__Task item__: Set down exactly the lines below, from the one containing "La relazione educativa: creatività" through the final line, and include no others.

(Beginning of Data provided)

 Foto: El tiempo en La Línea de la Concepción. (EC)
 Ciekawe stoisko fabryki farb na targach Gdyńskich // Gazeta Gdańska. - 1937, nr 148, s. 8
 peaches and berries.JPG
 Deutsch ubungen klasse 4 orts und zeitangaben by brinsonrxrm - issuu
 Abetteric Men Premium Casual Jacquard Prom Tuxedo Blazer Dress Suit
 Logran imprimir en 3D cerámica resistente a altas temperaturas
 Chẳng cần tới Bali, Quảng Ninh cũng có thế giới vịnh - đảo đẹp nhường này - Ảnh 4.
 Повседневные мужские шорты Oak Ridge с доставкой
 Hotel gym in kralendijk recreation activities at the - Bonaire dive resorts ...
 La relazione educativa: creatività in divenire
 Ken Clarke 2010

(End of Data provided)

__Written response__:
 La relazione educativa: creatività in divenire
 Ken Clarke 2010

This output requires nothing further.